----- PROVIDED ENTRIES -----

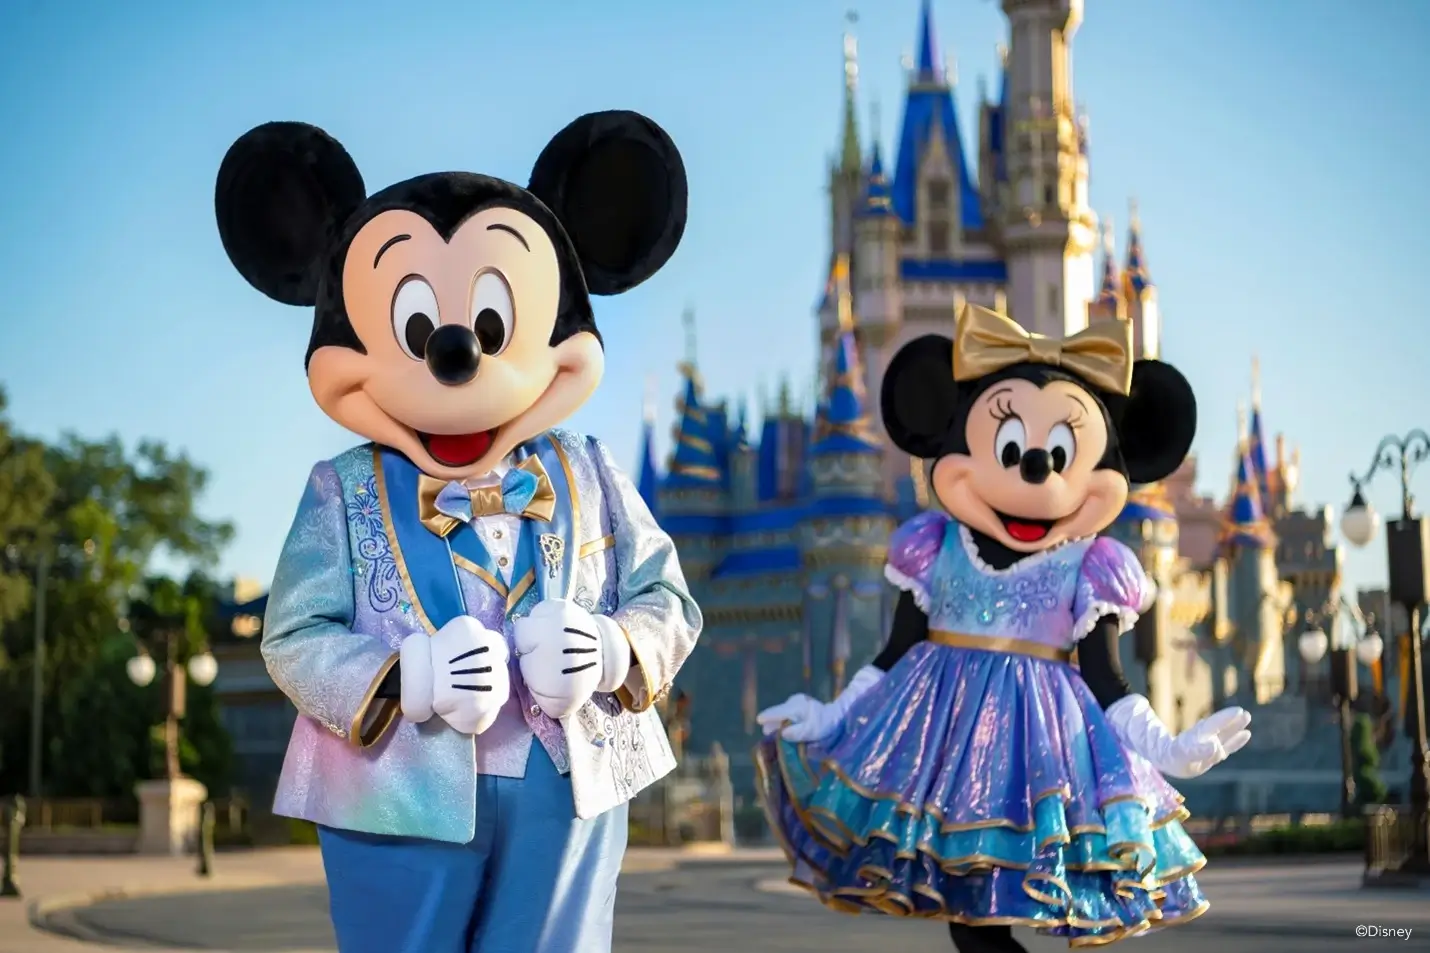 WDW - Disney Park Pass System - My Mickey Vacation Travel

-----
----- PROVIDED ENTRIES -----

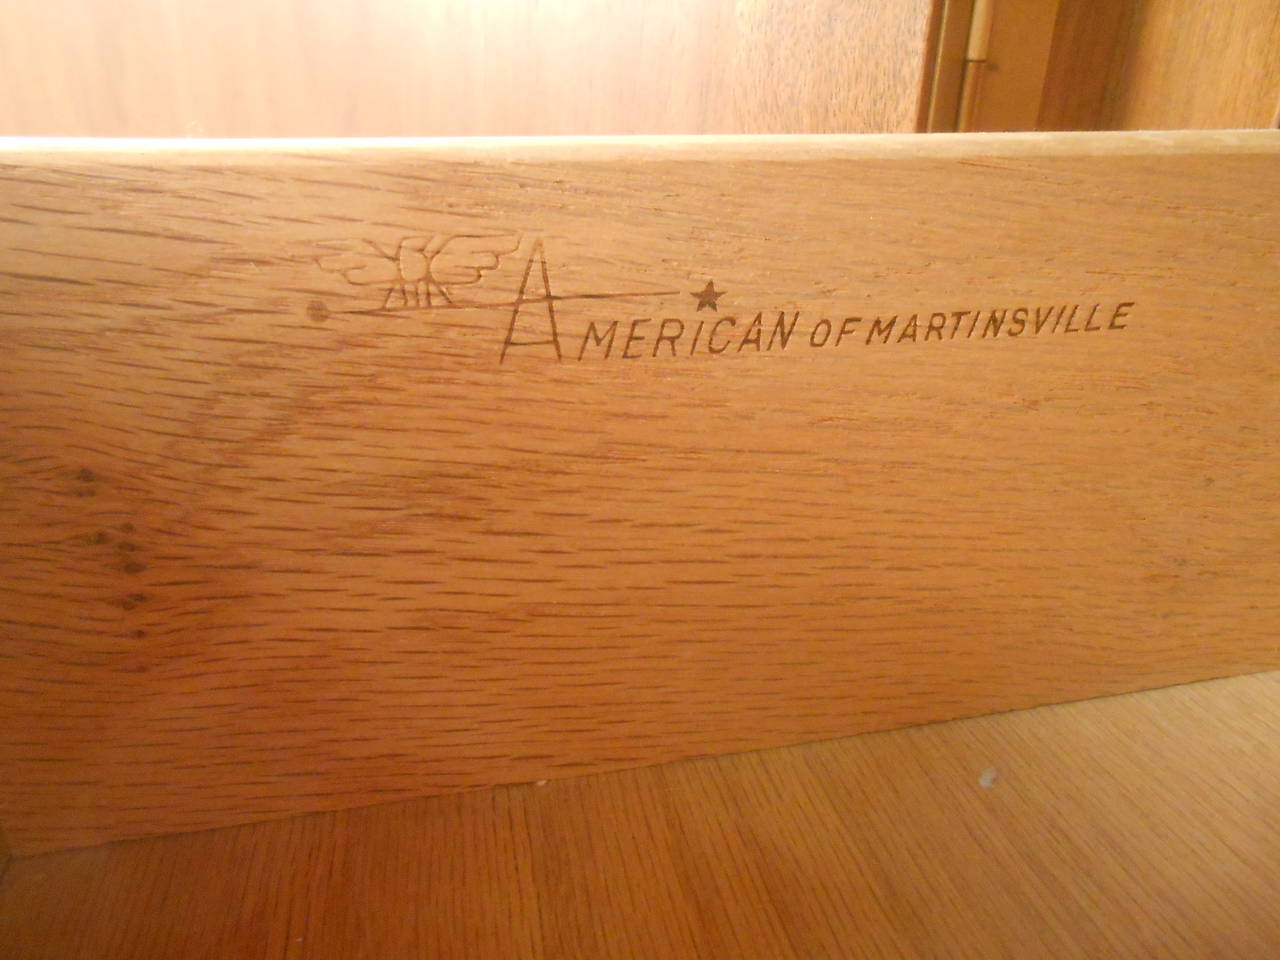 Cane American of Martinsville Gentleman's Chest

-----
----- PROVIDED ENTRIES -----

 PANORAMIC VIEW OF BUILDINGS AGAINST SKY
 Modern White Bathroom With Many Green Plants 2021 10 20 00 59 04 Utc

-----

### AIM OF THE TASK
Return word for word the lines above from the line with "PANORAMIC VIEW OF BUILDINGS AGAINST SKY" to the line with "Modern White Bathroom", including both and leaving out all others.

### SOLUTION TO THE EXERCISE
 PANORAMIC VIEW OF BUILDINGS AGAINST SKY
 Modern White Bathroom With Many Green Plants 2021 10 20 00 59 04 Utc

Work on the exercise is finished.